Chamber Music, Intimacy, Joy

With a bungling beginning, oh the first attempt was awkward. Even painful. We didn’t know if we’d be able to learn it. But we did! Everyone was so committed and worked so hard. I am so proud of my trio. We learned so much, individually and collectively: Haydn’s Divertimento VI for String Trio.

Along with the music, I learned that the core of chamber ensemble work is exposure, dependency, and responsibility.

Exposure, because, as the only person with your part, you will be heard, in all your glory and all your failing, first by your partners, and then by your audience.
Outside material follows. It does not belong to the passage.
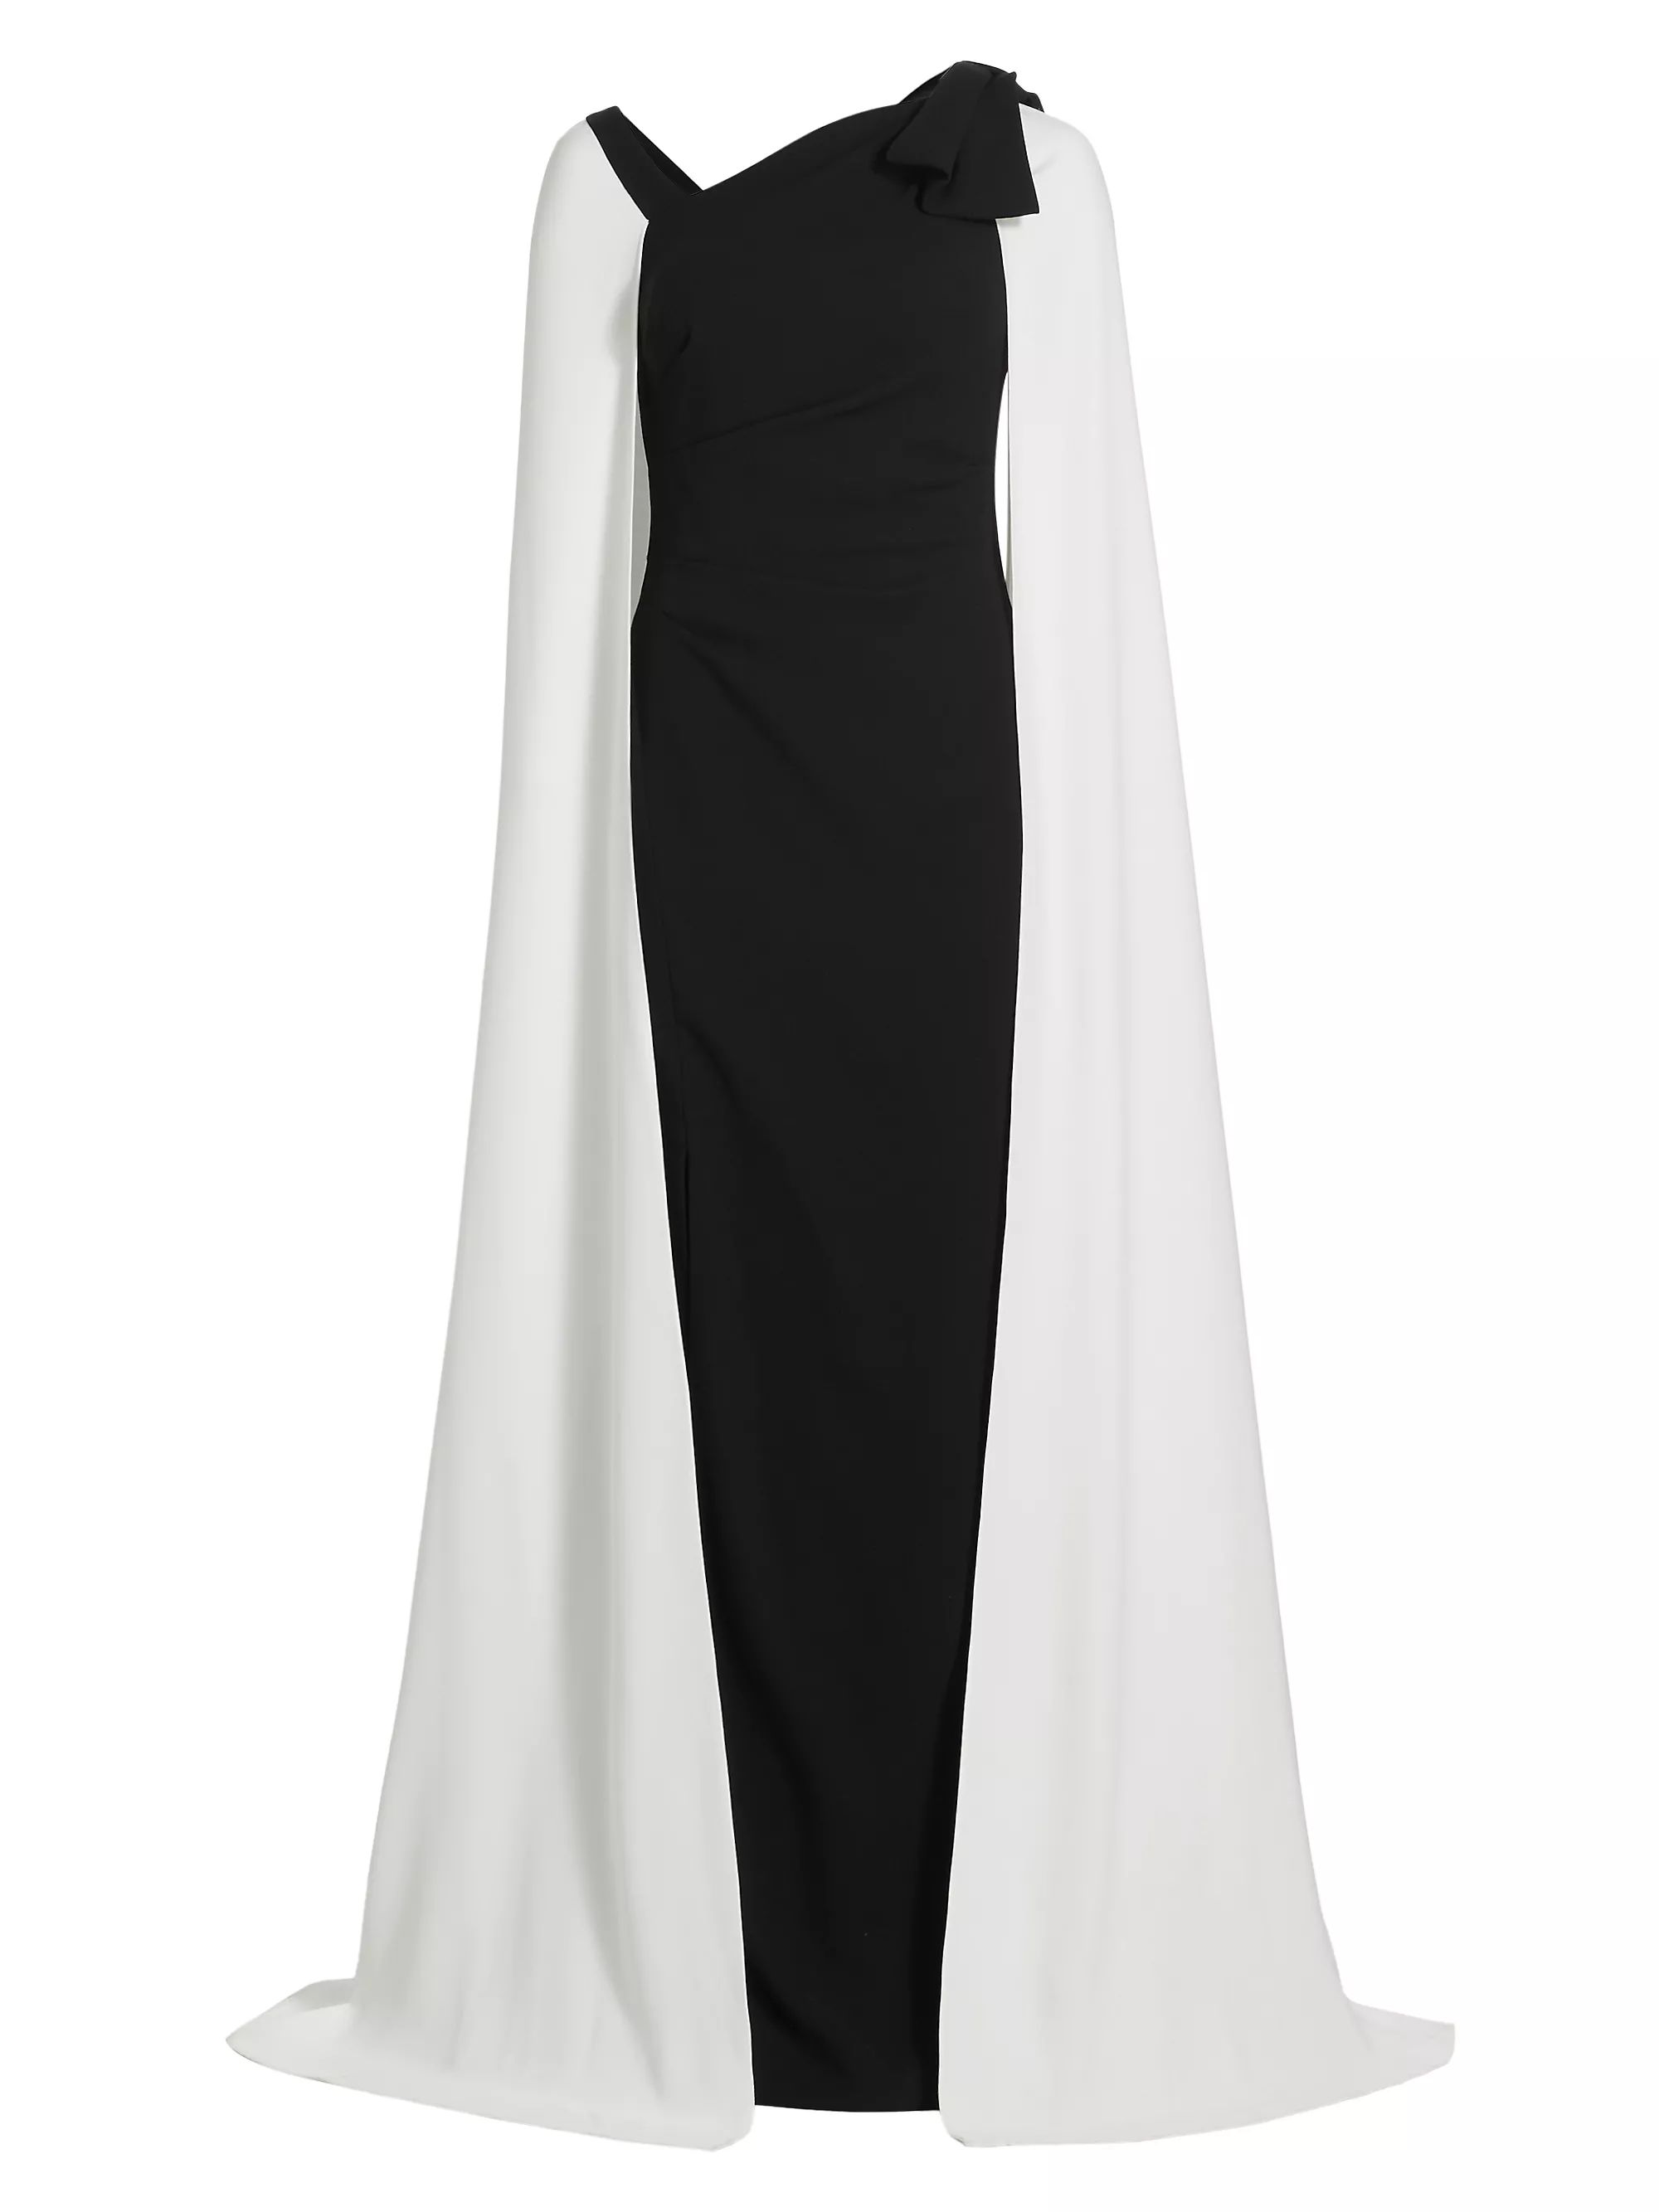 Black WhiteAll Evening GownsTeri Jon by Rickie FreemanTwo-Tone Chiffon Cape Gown$810SELECT SIZE ... | Saks Fifth Avenue

Everyone will know exactly what you can and cannot do. Unlike real life and the masks we wear and deflections we wield to hide our imperfections, there is no hiding in a chamber ensemble, from anyone.

Dependency, because without the full and best contribution of each ensemble member, the music will fail to exist, and the efforts of one’s partners will have been wasted.

Responsibility, because others are relying on you to do everything you can to help them do everything they can so you can all bring your music to life.

All of this exposure and dependency and responsibility requires a high level of trust among group members. Trust that everyone will strive their fullest and contribute their best. Trust that everyone will support each other in this striving.

Trust, in turn, requires personal intimacy. Intimacy expressed in knowing members’ strengths, accepting their weaknesses, encouraging their growth, and appreciating their contribution in accepting, loving, non-judgmental fashion. Intimacy that allows the creation of a supportive, nurturing environment in which to work together.

In return for commitment to intimacy and trust, you receive joy. Joy of music. Joy of belonging. Joy of friendship. Joy of support. Joy of work. Joy of growth. Joy of sharing.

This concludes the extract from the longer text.